Während sich die Urszene auf Fantasien zur sexuellen Beziehung der Eltern beschränkt, bezeichnet die Inzestfantasie und mit ihr das Inzesttabu die sexuellen Beziehungen zwischen allen anderen Familienangehörigen.

In der Analytischen Psychologie wird der Koitus symbolisch als unbewusste Fantasie und archetypisch als Coniunctio verstanden. Der Koitus steht so als Überschrift, dem die Konzepte der Urszene und der Inzestfantasien als Teile vom Ganzen zugeordnet werden können. Jung schreibt als eines seiner Hauptwerke das "Mysterium coniunctionis": "Die in der coniunctio sich verbindenden Faktoren sind als Gegensätze gedacht, die sich entweder feindlich gegenüberstehen oder sich liebend gegenseitig anziehen. (Jung, GW 14, §1) Diese Gegensätze sind zum Beispiel: lebendig-tot, gut-böse, männlich-weiblich, Himmel-Erde, hell-dunkel, offenbar-verborgen. Der analoge Dualismus von Lebenstrieb und Todestrieb von Freud ist naheliegend. Im Zentrum steht für Jung das "archetypische Drama von Tod und Wiedergeburt in der coniunctio oppositorum [...], beziehungsweise welche menschlichen Uraffekte bei diesem Problem aufeinanderprallen." (Jung GW 14 §34)

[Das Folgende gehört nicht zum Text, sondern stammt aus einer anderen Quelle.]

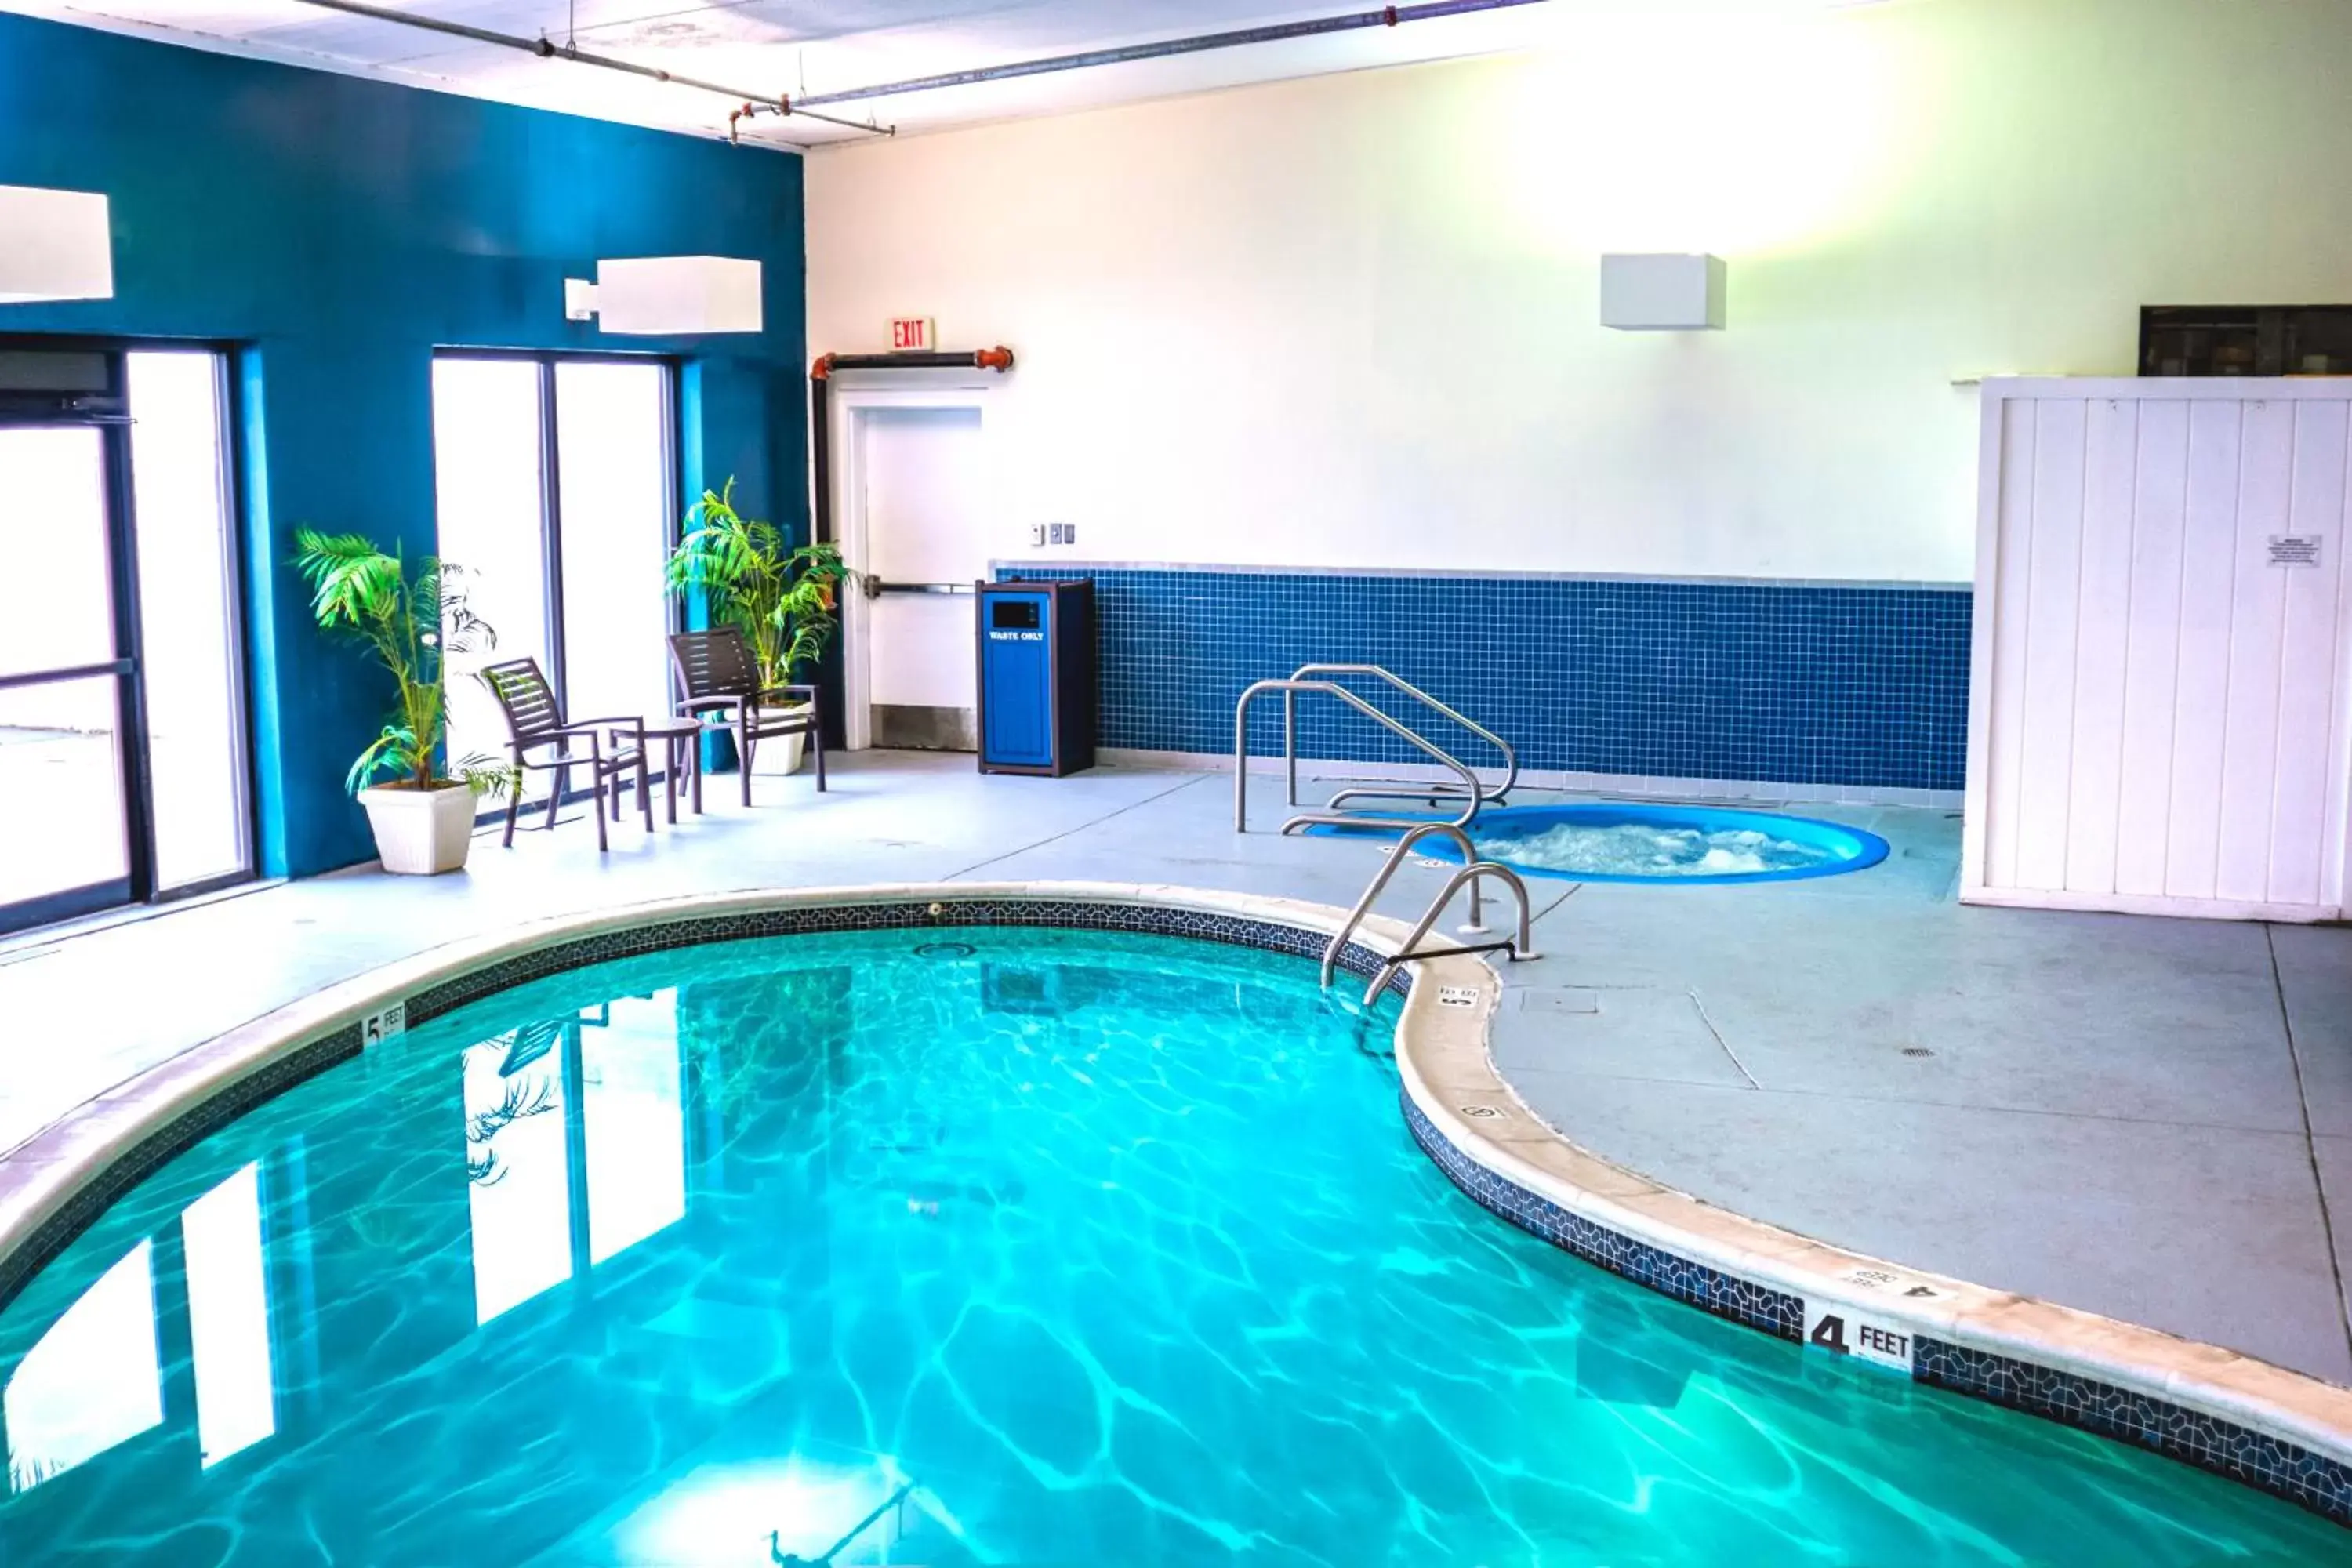 Swimming Pool in Fort William Henry Hotel

Auch der alchemistische Wandlungsprozess, in dem Mann und Frau, König und Königin zusammen in den Brunnen steigen, miteinander verschmelzen, sterben und ein Kind, neues Leben, erzeugen, gibt ein Beispiel für die Wandlungskraft des symbolischen Koitus (vgl. Jung, Psychologie der Übertragung, 1946).

Beispiele aus der Psychotherapie: Ein dreißigjähriger Patient verliebte sich in seine Analytikerin. In seiner Fantasie kam es zum Koitus. Kurze Zeit später waren kleine Katzen im Nest gewesen. Sie bedeuteten ihm die aufkommende Selbst ändigkeit. Zugleich war er froh, keine Kinder mit ihr zu haben, weil er so sich weniger von ihr vereinnahmt fühlte. Hier klingt die Sohn-Mutter-Inzest Beziehung an, die ödipaler Wunsch ist und zugleich gefürchtet und tabuisiert ist.

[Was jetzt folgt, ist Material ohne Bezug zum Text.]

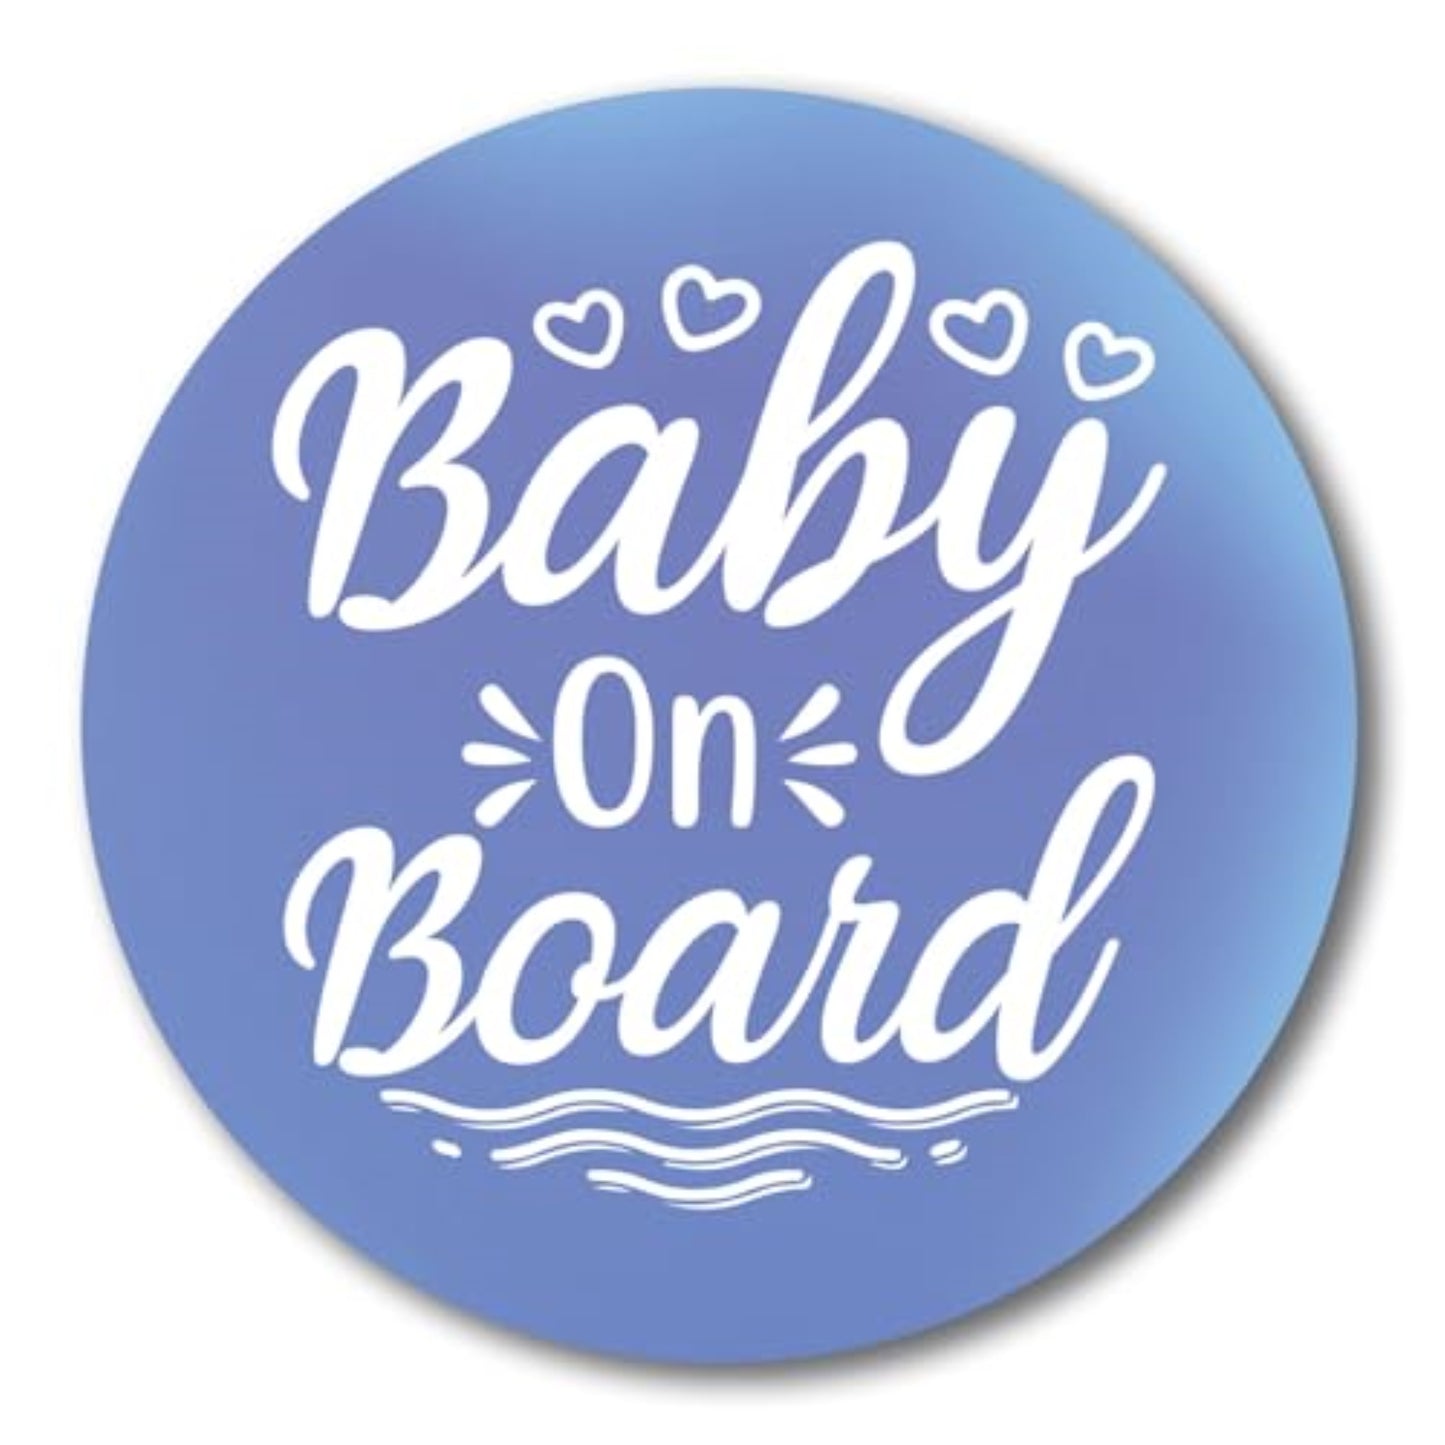 Magnet Me Up Blue and White Baby On Board Magnet Decal, 5 inch Round, Heavy Duty for Car, Truck, SUV, Protect Precious Cargo, Safety Sign for Your Vehicle, Keep Kids Safe, Crafted in The USA

Ein vierzigjähriger Patient verliebte sich in seinen Analytiker. Als es in der Fantasie zur homosexuellen Beziehung, zur analen Penetration kam, war damit das Erleben der Befruchtung des jungen Mannes durch den erfahrenen väterlichen Mann verbunden. In einem anderen Abschnitt der Analyse erlebte er den Analytiker als sicheren Vater, der nicht sexuell übergriffig war. Der Patient gewann damit an männlicher Sicherheit und Identität.

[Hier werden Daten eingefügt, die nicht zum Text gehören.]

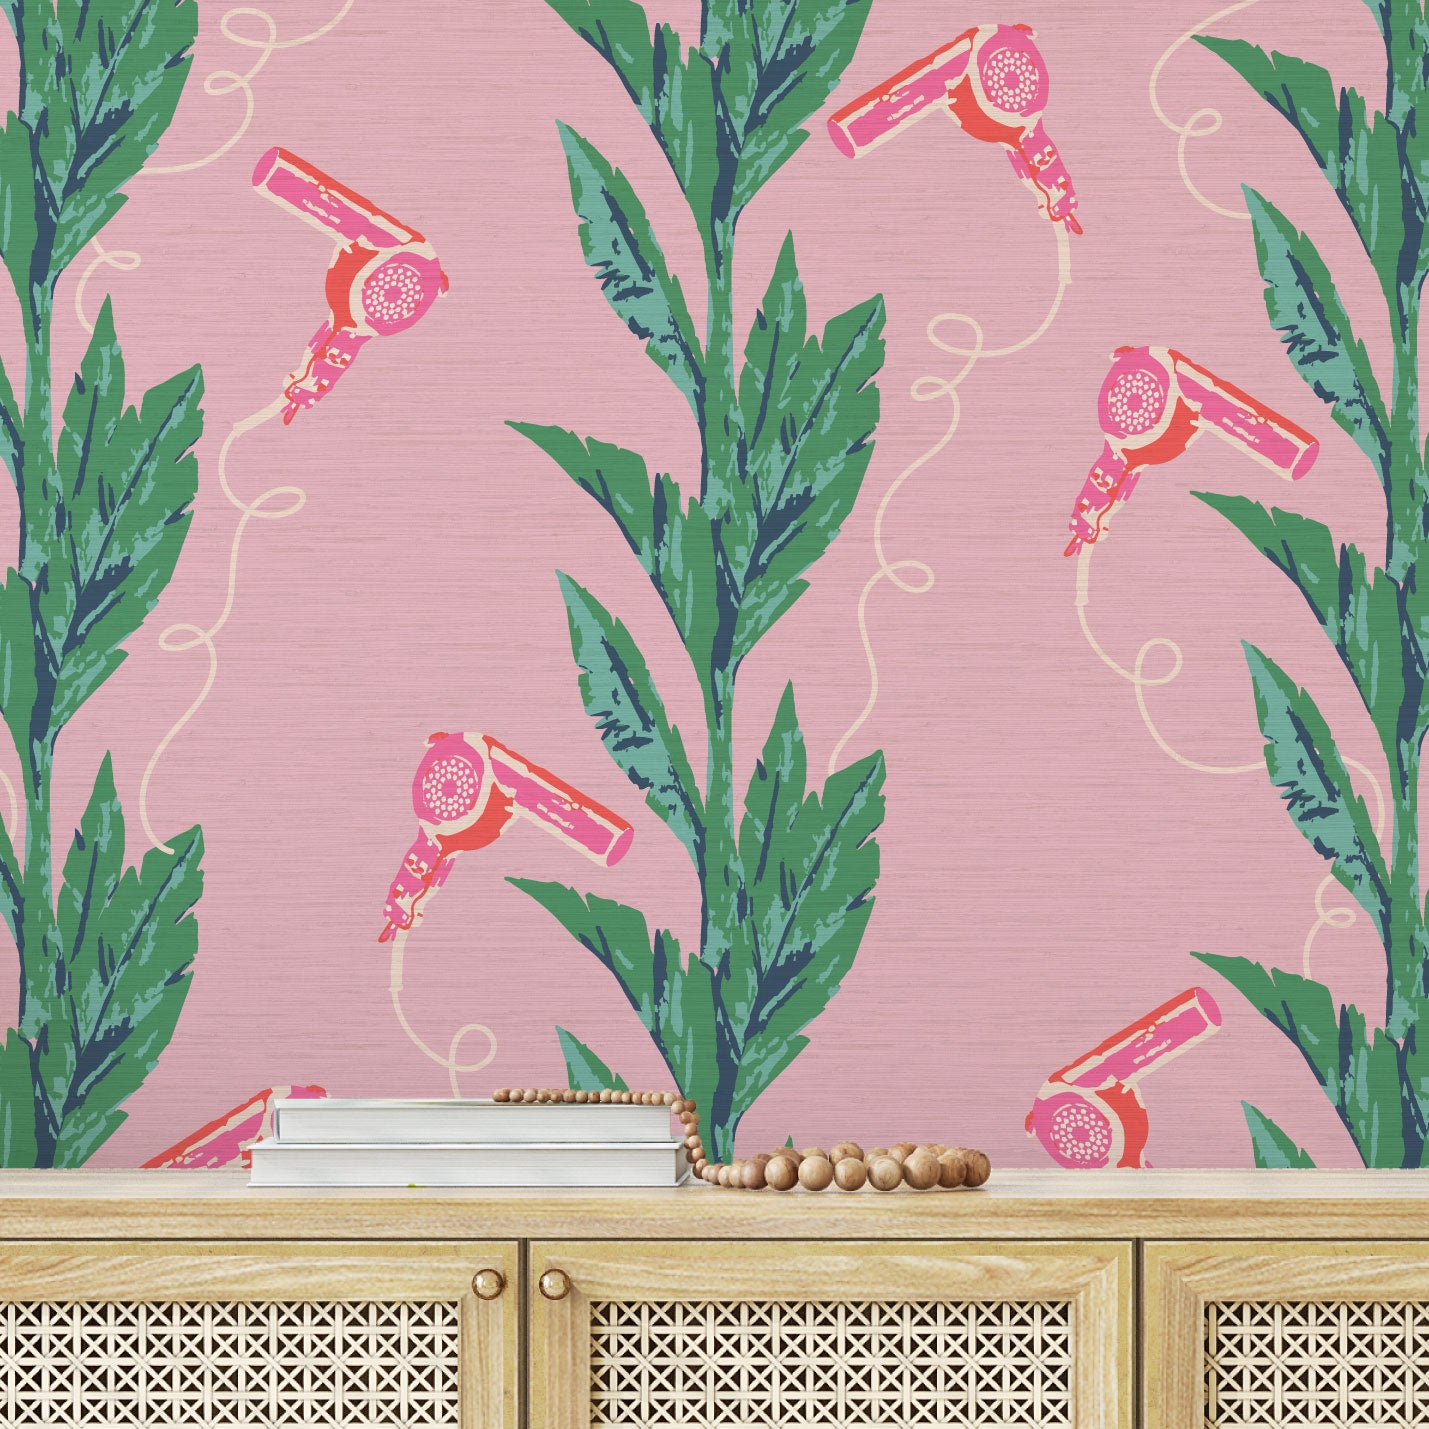 pink based printed grasscloth wallpaper with green leaf vertical stripes paired with pink hair blow dryers popping out of them Grasscloth Natural Textured Eco-Friendly Non-toxic High-quality  Sustainable practices Sustainability Interior Design Wall covering Bold Wallpaper Custom Tailor-made Retro chic Tropical Salon  Beauty Hair Garden jungle

Eine dreißigjährige Patientin hatte die Fantasie, dass ihre Eltern entweder gar keinen sexuellen Verkehr hätten oder der Vater die Mutter vergewaltige. (Urszenenfantasie) Sie hatte dementsprechend furchtbare Angst vor jedem potenziellen Liebhaber. Das wiederholte sich auch in der übertragenen Beziehung auf ihren Analytiker. Erst als sie dem Analytiker sich auch mit ihrem Begehren anvertrauen konnte und dieser die adoleszente Tochter als sicherer und nicht sexualisierender Vater annehmen konnte, war sie in der Lage, sich von der Vergewaltigungsfantasie als Teil des mütterlichen Erbes zu distanzieren, zu entidentifizieren. Damit wurde sie frei für eigenes Begehren und für eigene Grenzen.